Девушка смущенно коснулась рукой шеи и покраснела. Потом рассмеялась.
- Да ты, оказывается, вещун, папа Хэнкок, - сказала она. - Роберт-то еще ничего не знает...
- Где ему, - быстро ответил старик. - В этом возрасте люди неопытны. Но меня, малышка, не проведешь. Я многое повидал на своем веку и многих повидал.
Она посмотрела на него с тревогой.
- Раз уж ты знаешь... Но ты ведь не проговоришься... Конечно, я скоро сама скажу Роберту, но...
- Понятно, - ответил старик, - начнутся поучения. Сам я не большой охотник читать нотации с утра до ночи, но родственники это любят. К тому же первый правнук. Не бойся, я им не скажу и очень удивлюсь, когда они мне скажут.
- Ты славный, - отозвалась она с благодарностью. - Спасибо тебе. Это ничего, что ты знаешь.
Он положил ей руку на плечо. Минуту они стояли молча. Неожиданно она вздрогнула.
- Скажи, папа Хэнкок, - внезапно спросила она приглушенным голосом, не глядя на него, - это очень страшно?
- Нет, детка, это не так уж страшно.
Она ничего не сказала, но он почувствовал, что она успокоилась.

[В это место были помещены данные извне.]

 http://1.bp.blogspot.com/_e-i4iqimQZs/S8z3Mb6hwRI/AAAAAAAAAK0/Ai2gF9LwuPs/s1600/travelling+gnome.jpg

- Значит, это случится в ноябре, - произнес он и, не дожидаясь ответа, продолжал: - Что ж, неплохое время, Дженни. Взять хотя бы нашу старую кошку Марселлу - второй раз в году котята у нее бывают как раз в октябре-ноябре. И неплохие котята.
- Какой же ты циник, папа Хэнкок!
Она назвала его циником, но по ее тону он понял, что она не сердится; и снова, когда они шли к дому, он смотрел, как легко она ступает, и чувствовал дыхание юности.
В середине лета, когда зеленые поля пожелтели и порыжели, Уила Хэнкока навестил его старый друг Джон Стерджис.
Он приехал с сыном и внучкой, а еще привез двух более сомнительных родственниц - молодое поколение без разбора величало их "кузиной" и "тетей", - и на время большая веранда дома Хэнкока наполнилась суматохой семейного торжества. Все были больше обычного возбуждены, все были больше обычного разговорчивы, и хотя съехались они не на свадьбу и не на похороны, событие это было не менее важным; и в сердце каждого Хэнкока и каждого Стерджиса зрела крупица особой благодарности и гордости - ведь они стали свидетелями встречи двух таких ветхих старцев.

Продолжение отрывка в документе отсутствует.